*** Opening of Data section ***

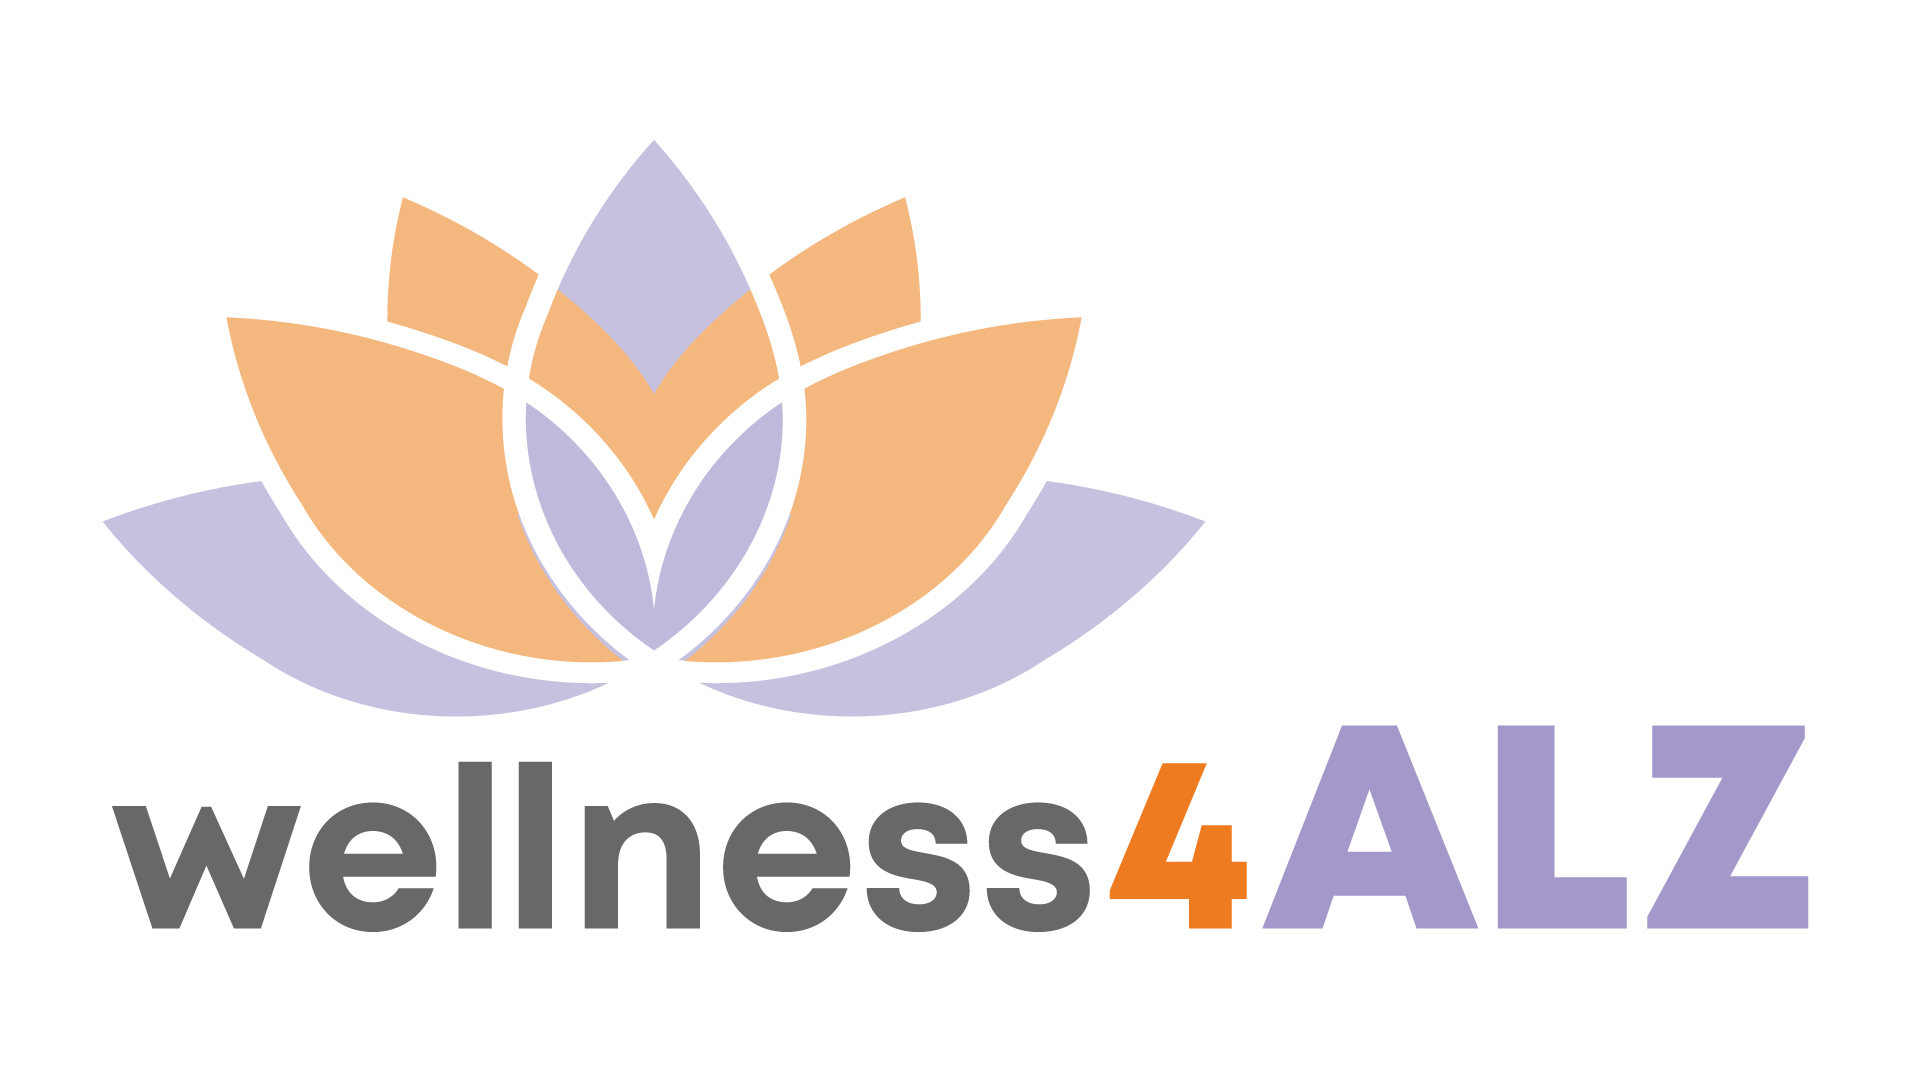 wellness4ALZ challenge
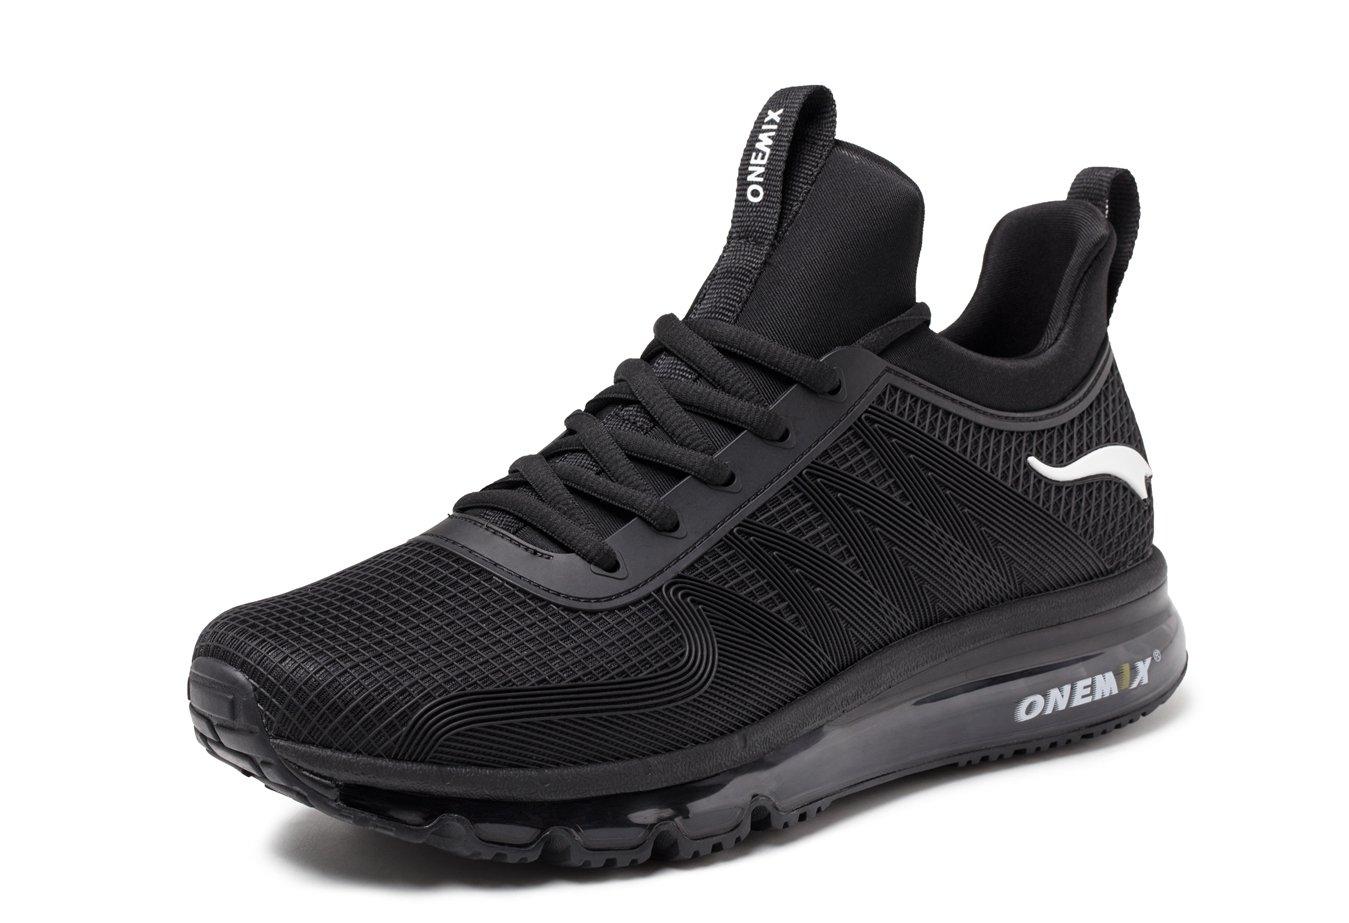 ONEMIX Hombre Zapatillas de Running Fitness Casual zapatilla de deporte 44 EU|Negro
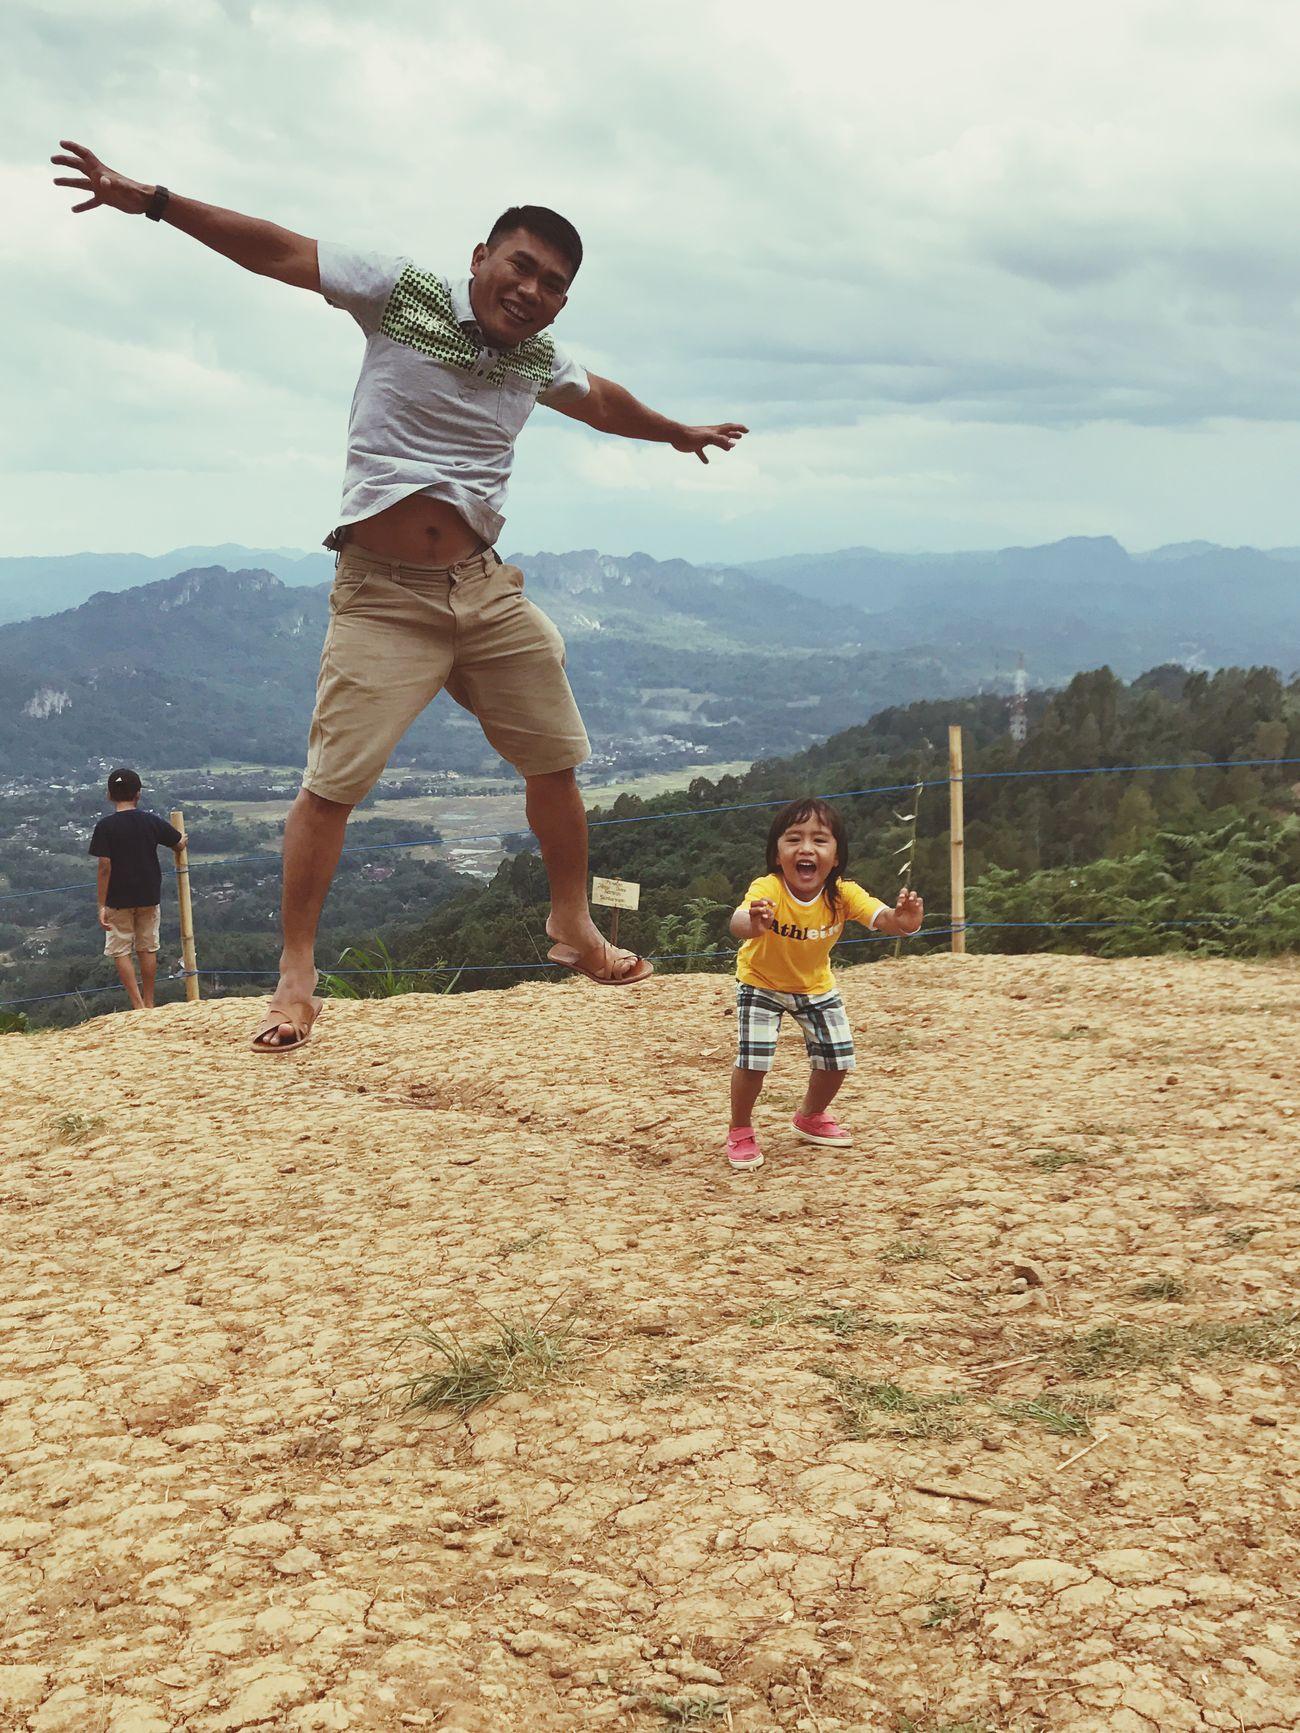 Jumping Sky Landscape Nature Negeridiatasawan Toraja Toraja Utara

*** Close of Data section ***

Please repeat every line from the listing above exactly as it appears. Drop the pictures.

Answer to the exercise
 wellness4ALZ challenge
 ONEMIX Hombre Zapatillas de Running Fitness Casual zapatilla de deporte 44 EU|Negro
 Jumping Sky Landscape Nature Negeridiatasawan Toraja Toraja Utara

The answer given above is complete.